Experts highlighted that low-wage workers, teachers, and nurses would miss out on the benefits a four-day workweek would provide. With 65 million U.S. workers making less than $15 an hour and 6 million teachers and nurses nationwide, they make up nearly half of the country’s workforce.
“Very often when we think about life conflict and over work we have a vision of white-collar workers in mind,” Daniel Schneider, a researcher at the Shift Project at the University of California at Berkeley, said. “It’s super important we bring in hourly workers into the conversation.”
Bank of America Raising Minimum Wage to $20
Bank of America is set to raise its minimum wage from $17 to $20 an hour a year earlier than expected.
The bank announced the increase this spring and said the increase would take place in 2021, but said Monday that the change will now take place by the end of the first quarter in 2020.
CEO Brian Moynihan said the increase would mean that employees would make a minimum of $41,000 annually. A press release announcing the change said it is “part of the company’s commitment to delivering sustainable, responsible growth by being a great place to work.”

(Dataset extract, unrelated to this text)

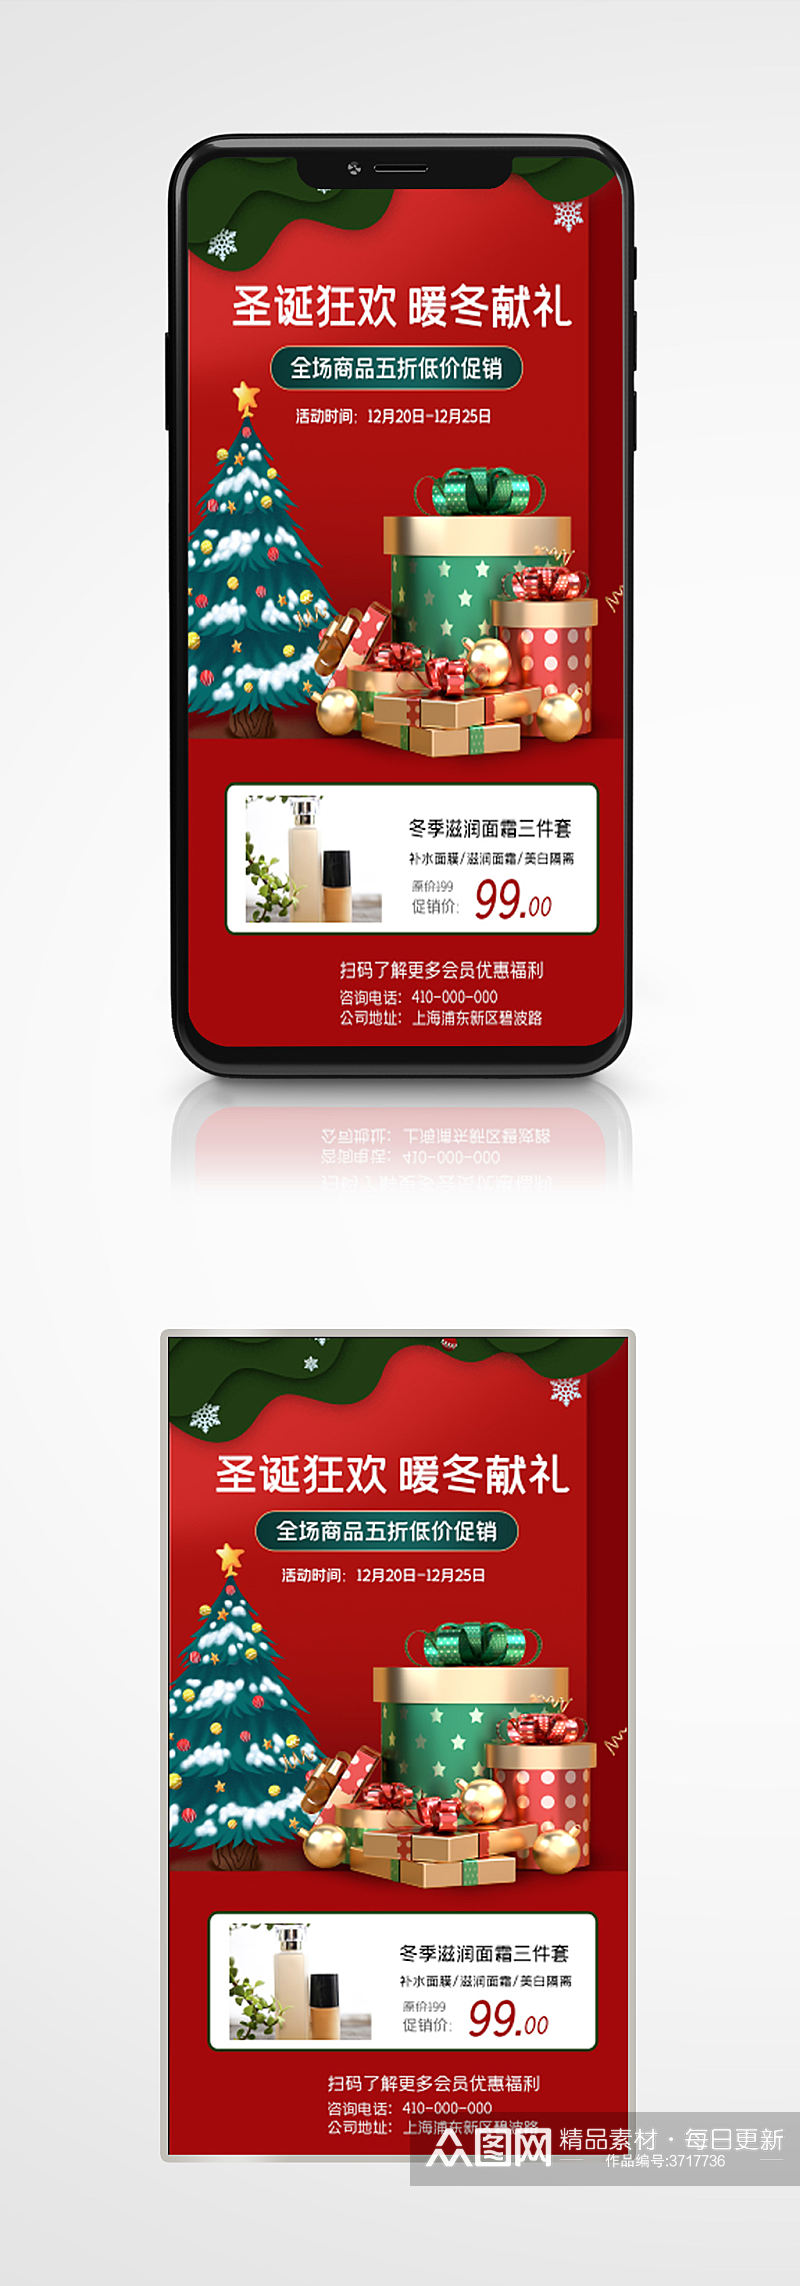 圣诞狂欢促销活动手机海报红色节日素材

Feds Sue Walmart for Violating Reservist’s Employment Rights
A federal lawsuit was filed against Walmart that alleges the company’s refusal to hire a reservist due to her upcoming annual two-week training violated employment law.
The lawsuit stated that Lindsey Hunger, a petty officer 3rd class in the Navy Reserve, was rejected for a part-time seasonal position at Walmart after she told the personnel coordinator who contacted her about the job that she would need to take two weeks off for the training.
According to the lawsuit, the personnel coordinator told Hunger “that summer was a busy time at Walmart, the store needed someone who would be there, and Walmart could not support Hunger’s absence for two weeks.”
The Justice Department claims Walmart’s denial of initial employment to Hunger because of her military duties violated the Uniformed Services Employment and Reemployment Rights Act.
“Hunger’s military service and obligation to serve was a ‘motivating factor’ in Walmart’s decision not to hire her,” the lawsuit said.
The complaint is seeking damages in the form of lost wages and other benefits.